Leaving out the pictures, return each line of the entries from the first through the line with "Маникюр для коротких", and only those lines.

━━ Records for processing

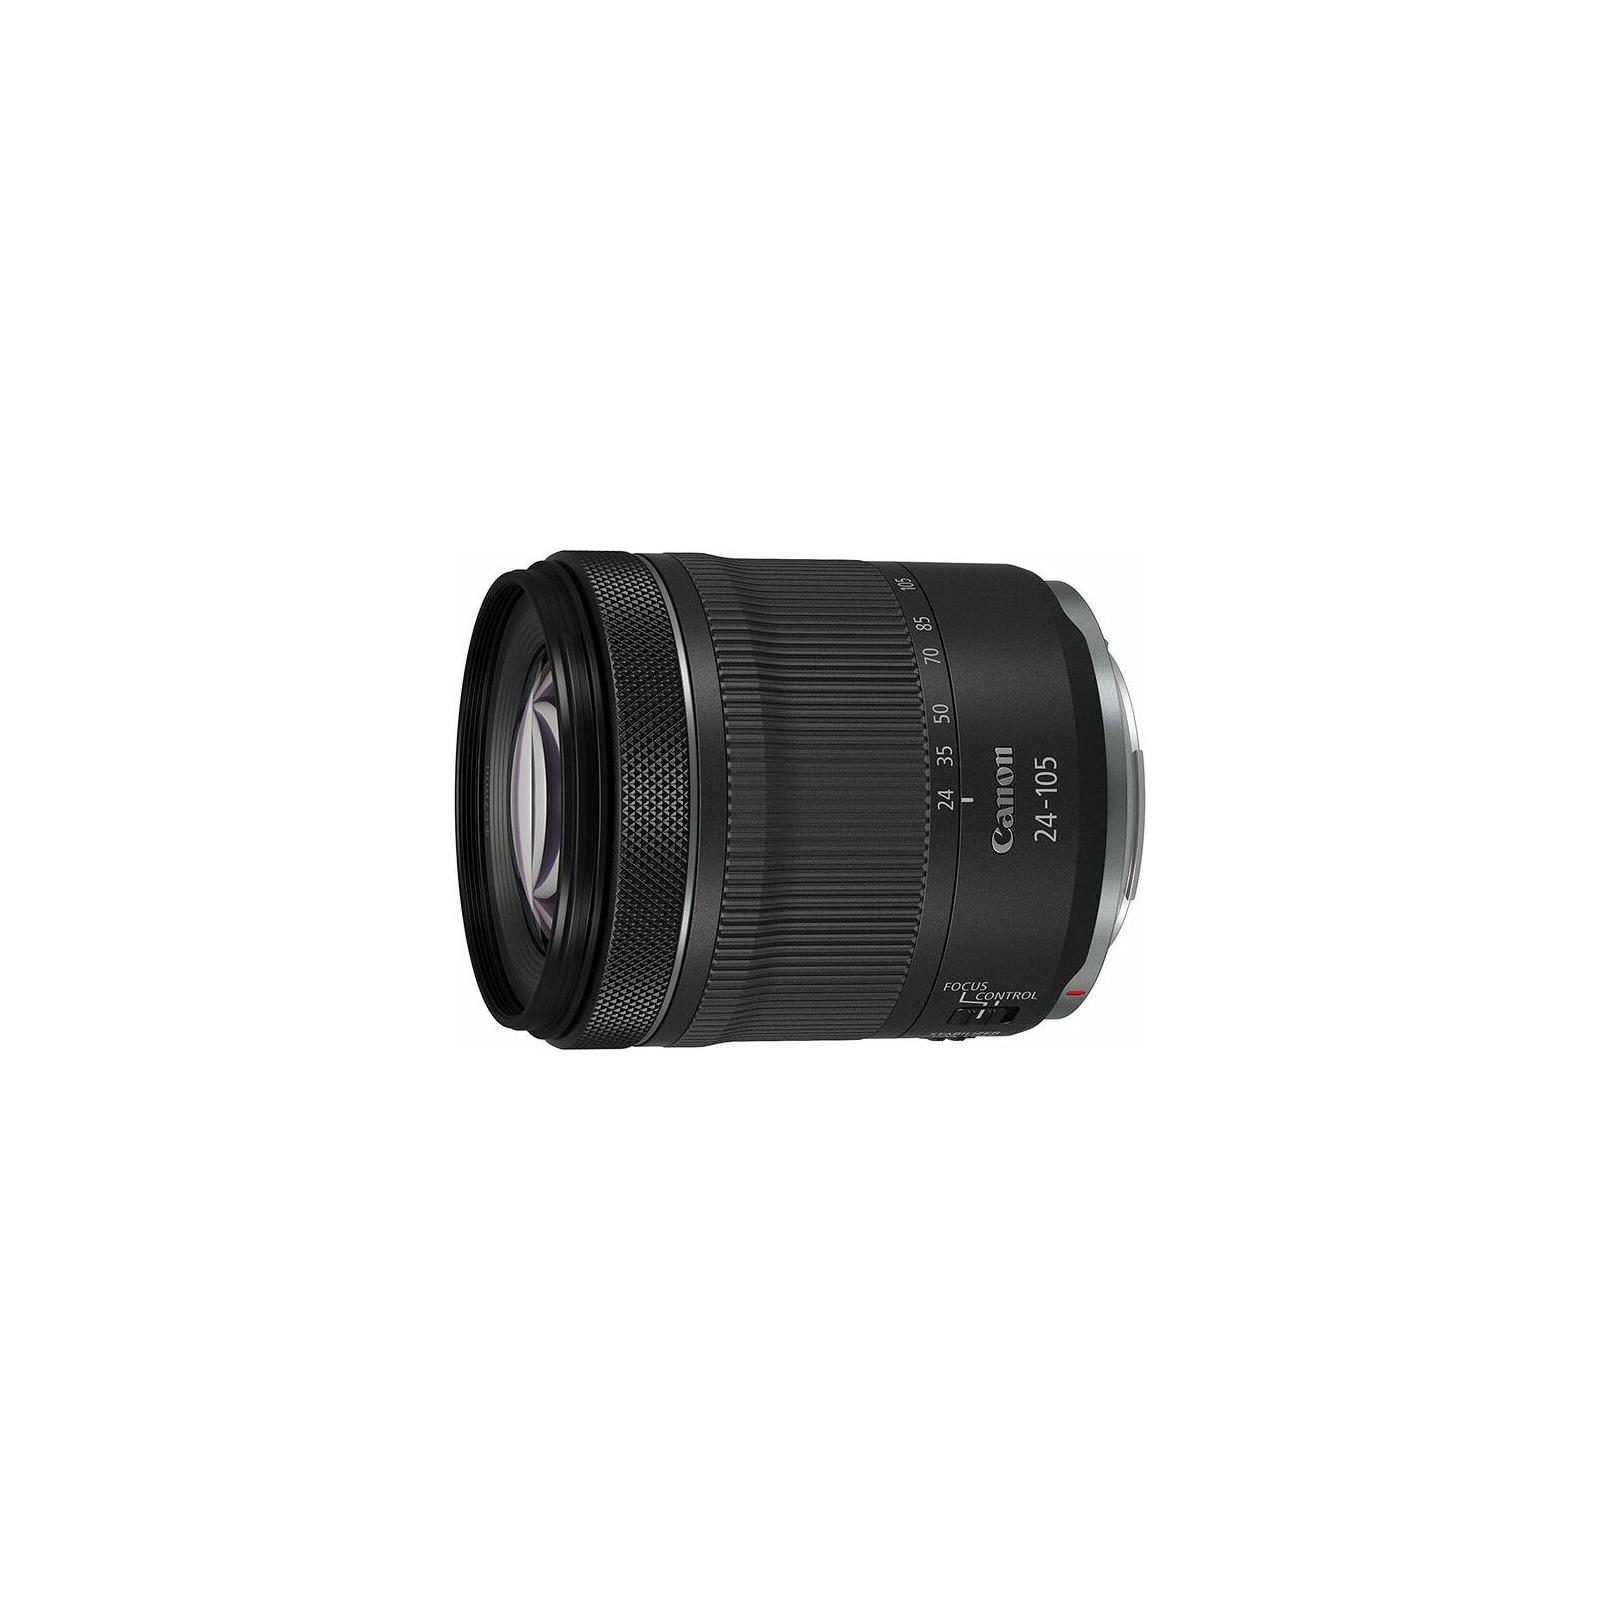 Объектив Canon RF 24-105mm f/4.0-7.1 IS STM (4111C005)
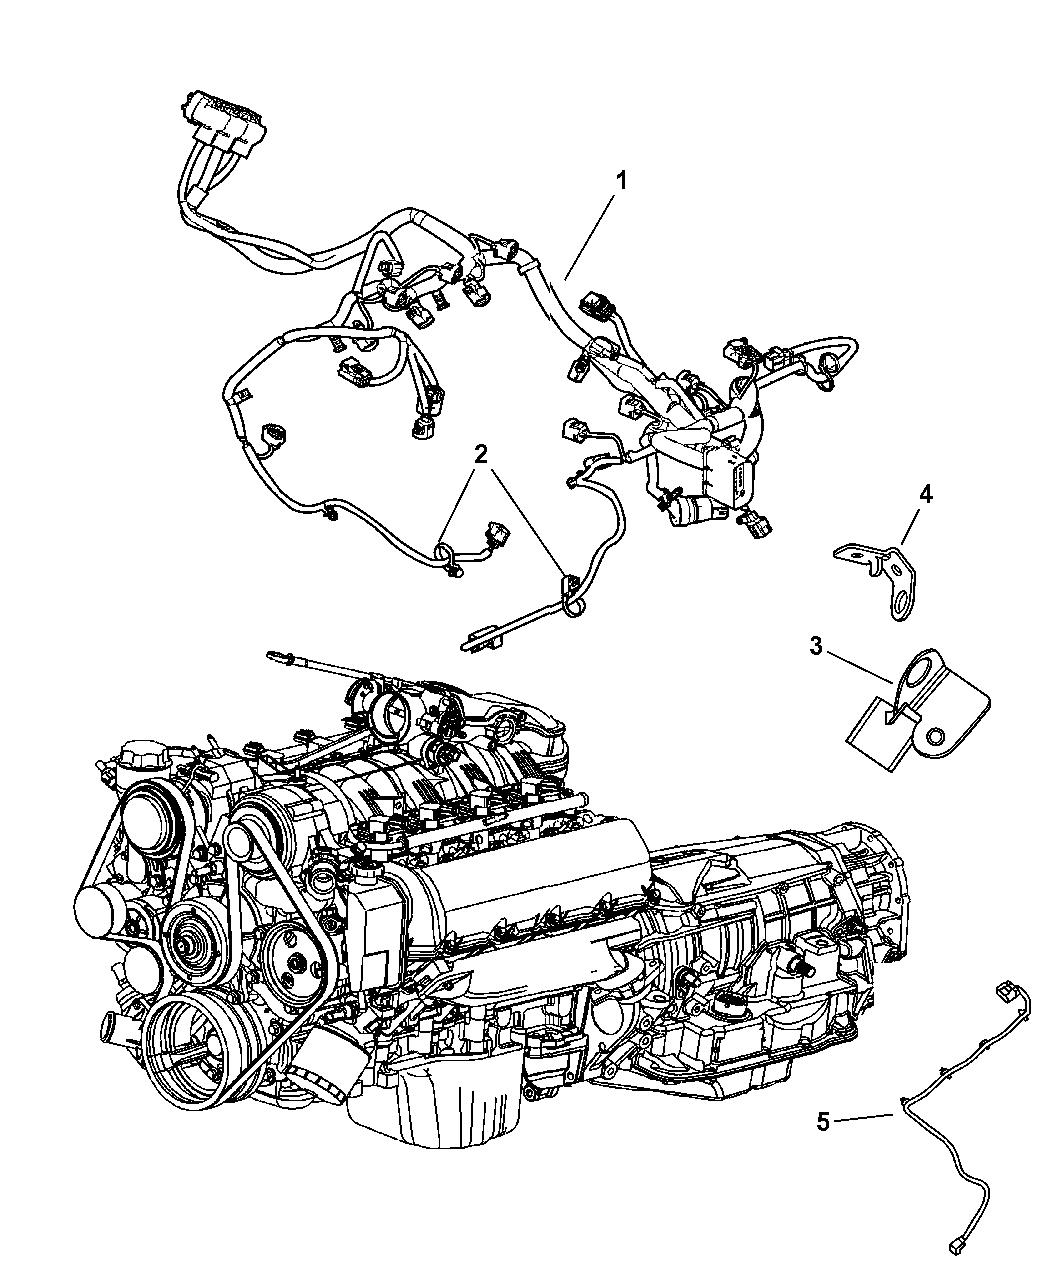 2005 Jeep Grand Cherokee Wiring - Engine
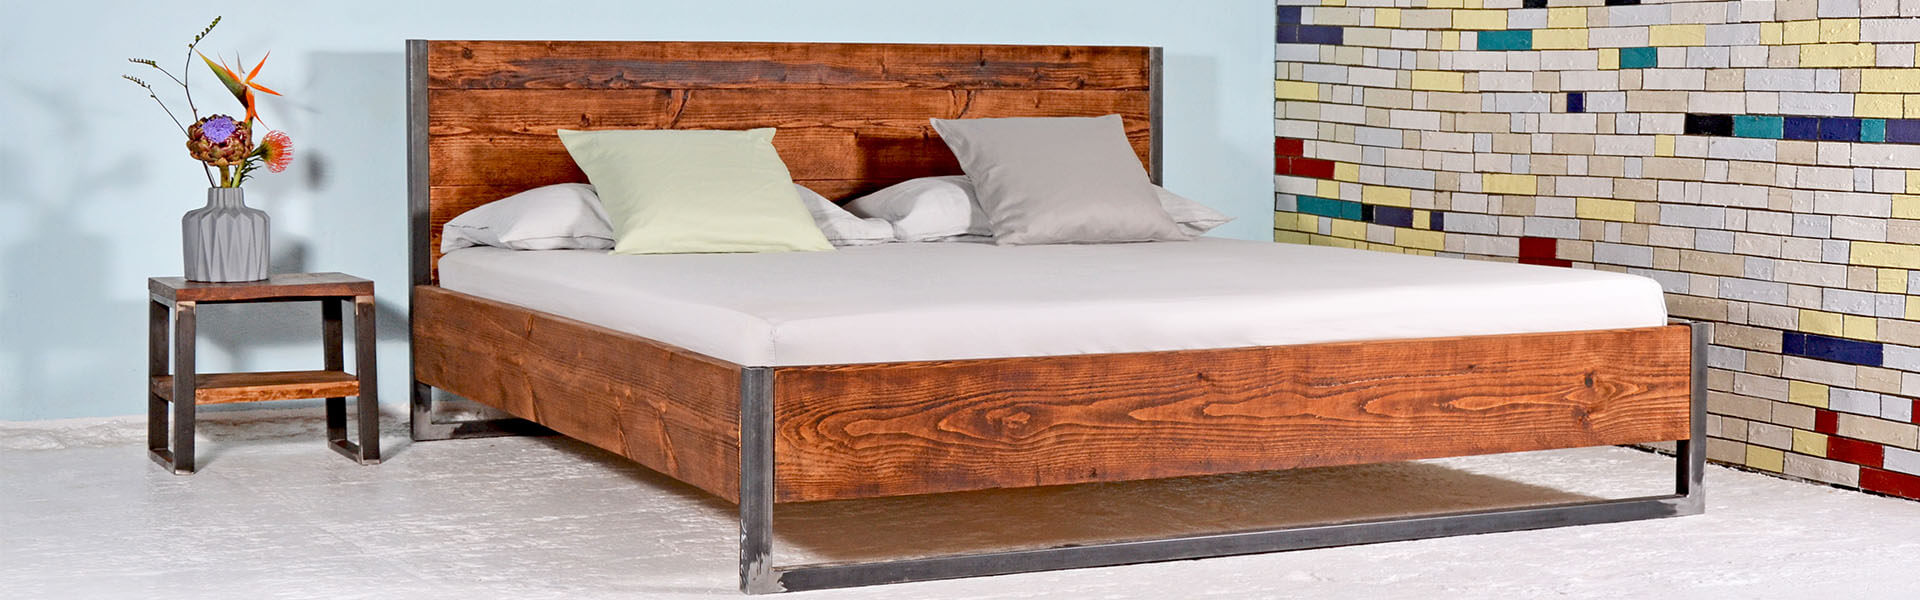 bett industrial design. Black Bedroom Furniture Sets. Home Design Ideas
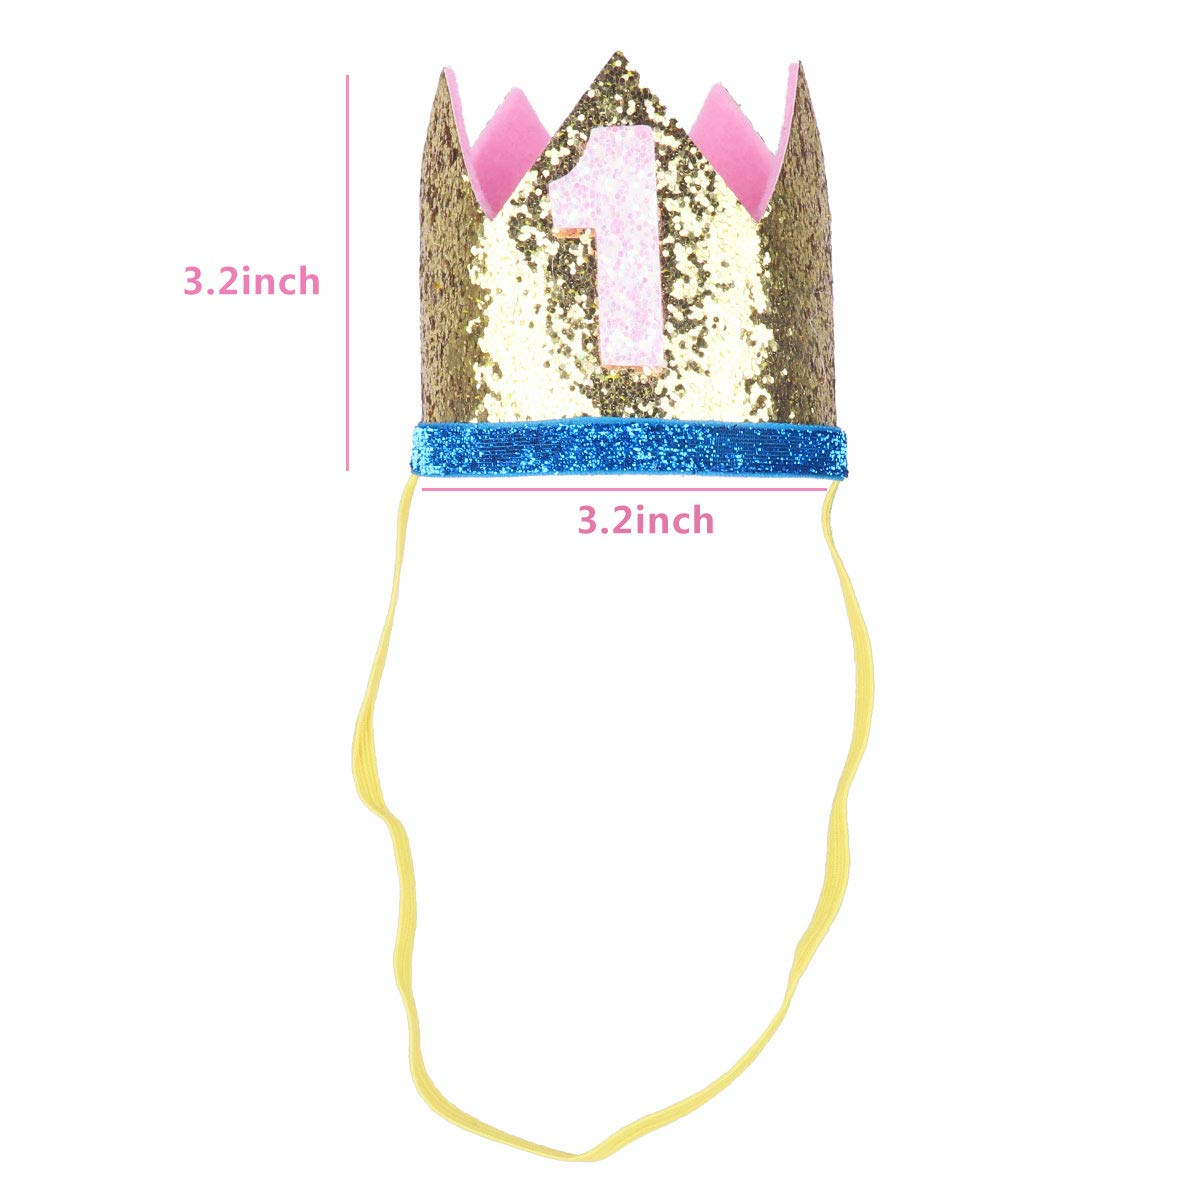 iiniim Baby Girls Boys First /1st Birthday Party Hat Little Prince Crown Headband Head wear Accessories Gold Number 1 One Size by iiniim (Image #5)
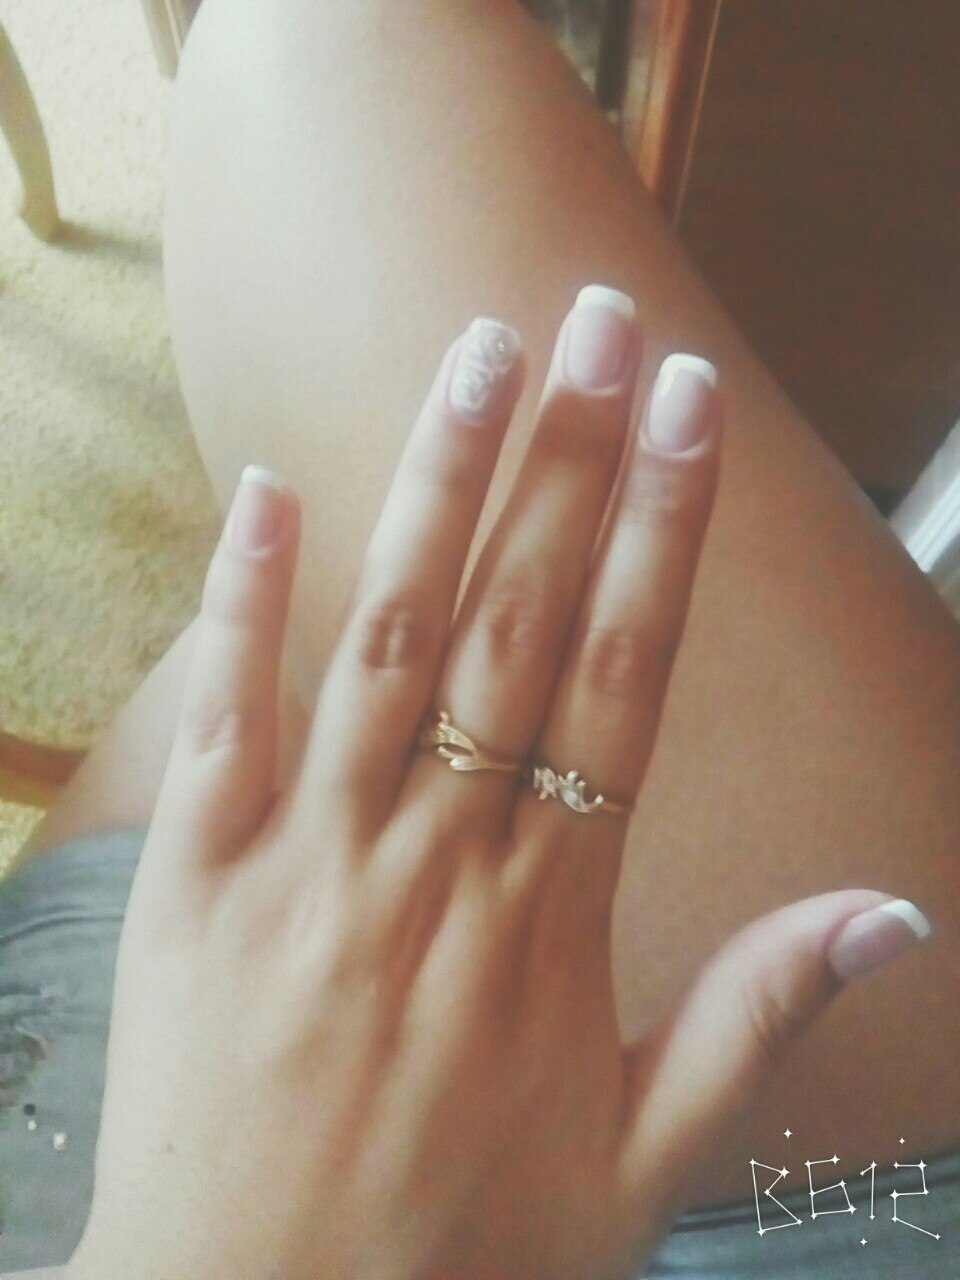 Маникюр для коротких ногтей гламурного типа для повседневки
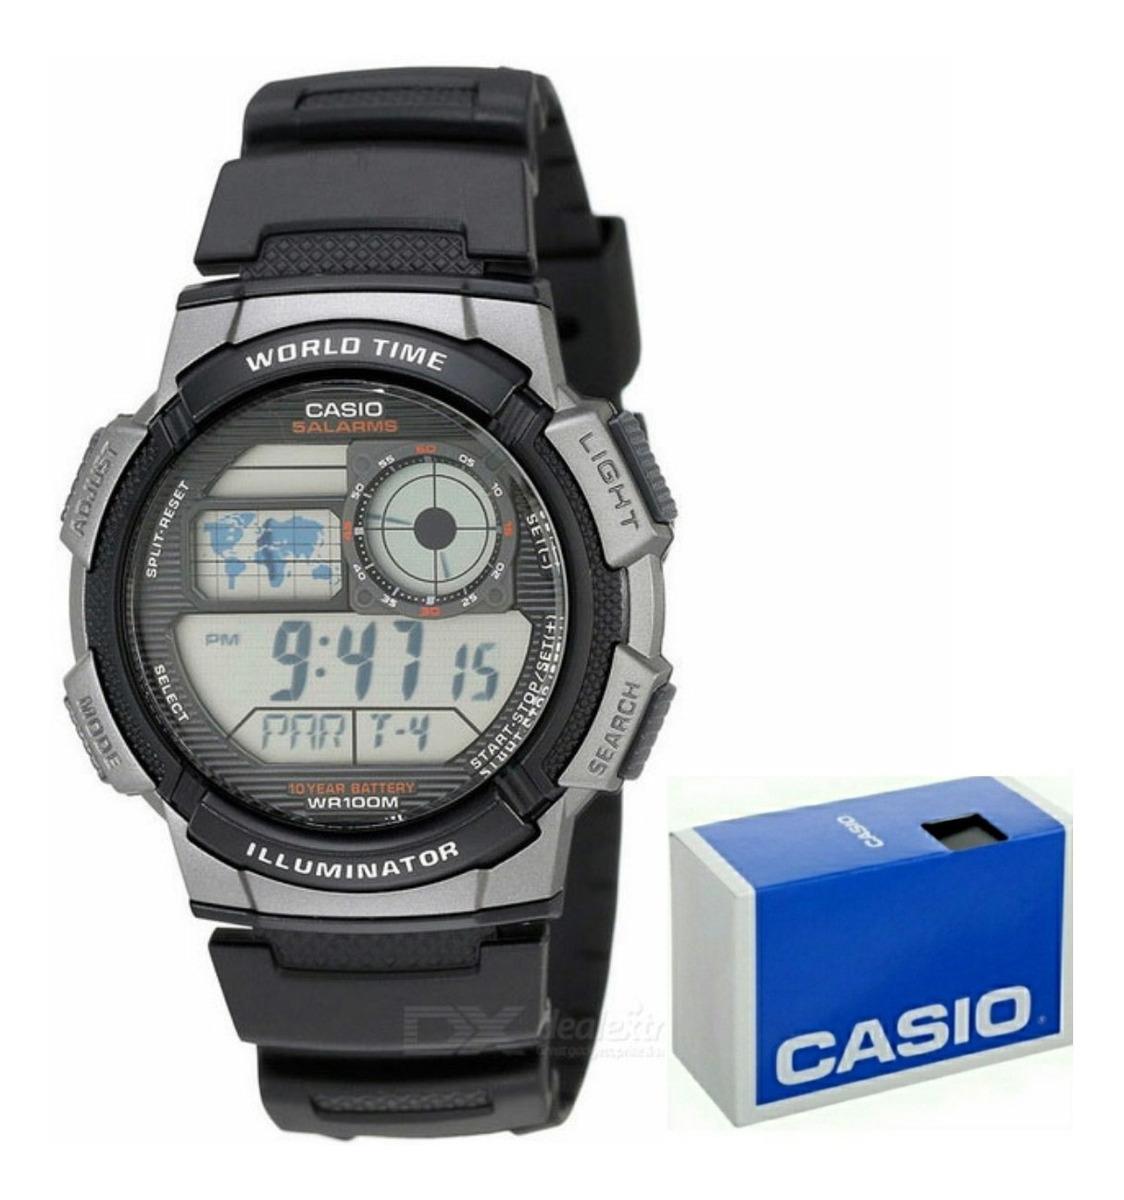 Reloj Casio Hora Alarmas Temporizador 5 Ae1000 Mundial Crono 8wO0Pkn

━━━━

> **Response to this task**
 Объектив Canon RF 24-105mm f/4.0-7.1 IS STM (4111C005)
 2005 Jeep Grand Cherokee Wiring - Engine
 bett industrial design. Black Bedroom Furniture Sets. Home Design Ideas
 iiniim Baby Girls Boys First /1st Birthday Party Hat Little Prince Crown Headband Head wear Accessories Gold Number 1 One Size by iiniim (Image #5)
 Маникюр для коротких ногтей гламурного типа для повседневки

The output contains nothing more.